Description of output files from ScanFold Webserver. There are 15 output files available in the “Download All Results” zip folder. Users can load 11 of these, marked “Y” in the IGV column, directly into the IGV desktop app (tested for versions 2.5.3 to 2.61). Bolded file extension denote files which are also available for individual download.

File extension	IGV	Description
.scan-out.tsv		Raw output of ScanFold-Scan. Traditional scanning window output, showing all metrics calculated per window including MFE, z-score, p-value, dot-bracket structure, and centroid structure.
.mfe.wig	Y
.ed.wig	Y	These are “wig” format files corresponding to values from the ScanFold-Scan ouput.
.zscore.wig	Y
.pvalue.wig	Y
.bp	Y	IGV base pair track. The “.bp” format describes the connections between nucleotides and the header contains information such as the color used to depict the arc. For proper loading in IGV, IGV must first be loaded with the “input.fa” and “.fai” files below.
.final_partners_zscore.wig	Y	This is another “wig” format file which reports the Zavg values corresponding to the arrangements depicted in the “.bp” track above.
.input.fa	Y	This is the FASTA file containing the sequence which was scanned. The header is set as the “Input Name” set be the user (Default: UserInput).
.fai	Y	This is the index file for the FASTA file above, and is used by IGV.
.−1filter.ct	Y	Structure model files showing base pair arrangments whose Zavg scores are less than the filter value stated in extension. The “CT” files are connectivity files and can be opened in programs such as VARNA, IGV, and RNAstructure.
.−2filter.ct	Y
.nofilter.ct	Y
.−2filter.dbn	Y
.final_partners.txt		This is output from ScanFold-Fold and list the “best” arrangments for each nucleotide sequence as well as the corresponding average metrics observed.
.log.txt		Raw output of ScanFold-Fold. This will give the list of all base pairs predicted for each nucleotide, the number of windows each are observed in, and the average metrics for each.
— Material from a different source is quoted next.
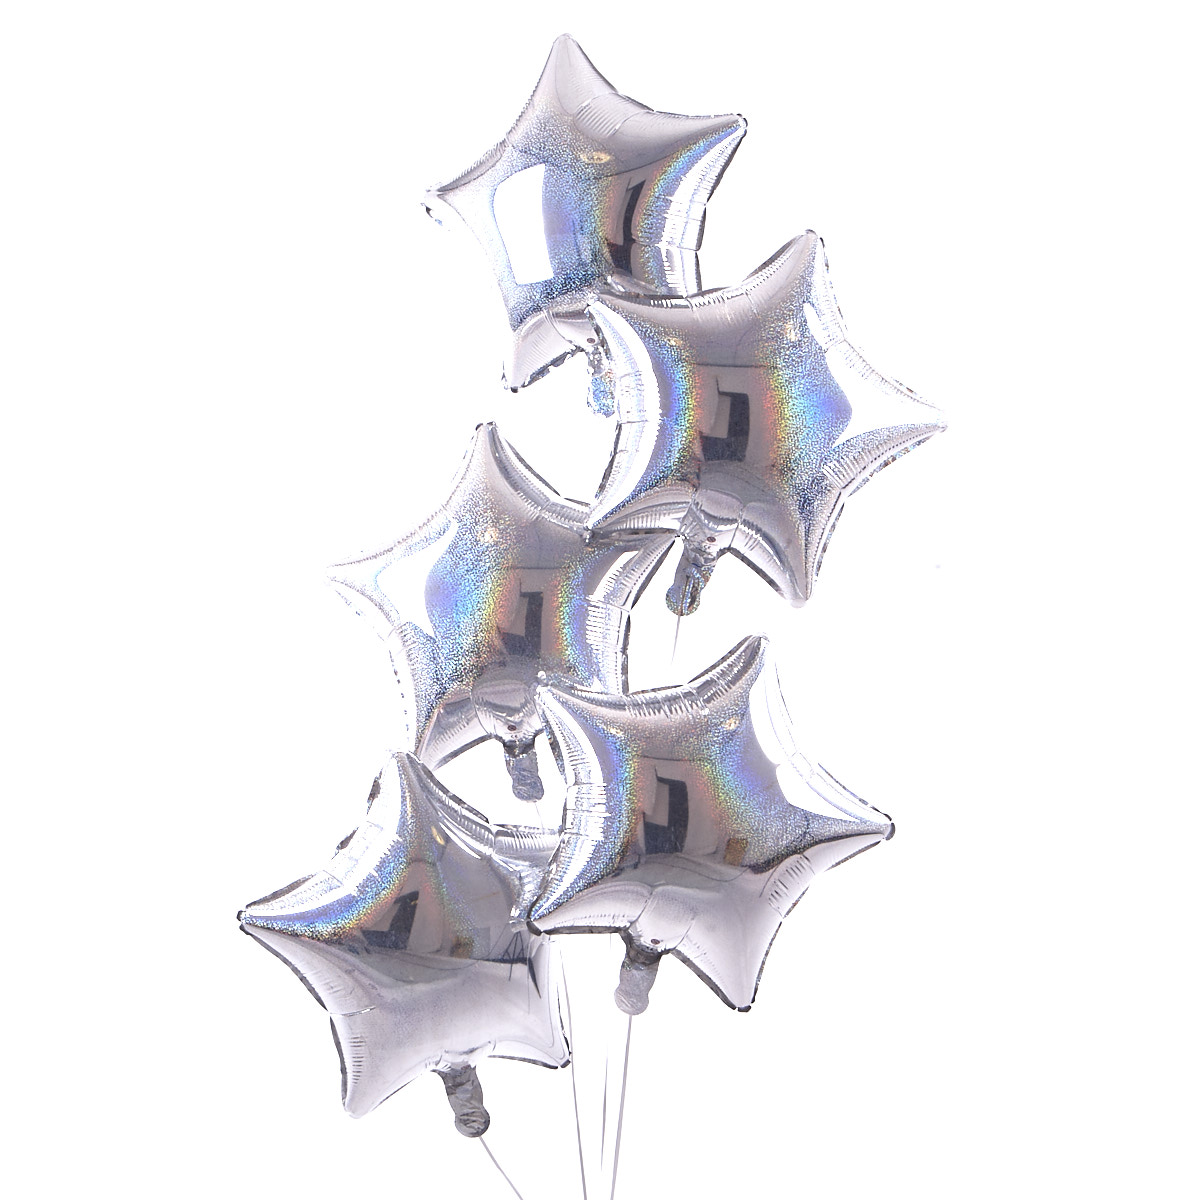 5 Silver Stars Balloon Bouquet - DELIVERED INFLATED!

The output from the ScanFold–Scan step (extension “.scan-out.tsv”) is a tab separated file, where each row corresponds to a window and its corresponding metrics (the MFE, z-score, p-value and ED metrics correspond to the “.wig” tracks available for download and depicted in Fig. 1d–g). The output from ScanFold–Fold consists of the lowest Z_avg base pair arrangements and their corresponding Z_avg values (Fig. 1a and 1b) as well as log files detailing the pairing partners of each nucleotide in the input sequence.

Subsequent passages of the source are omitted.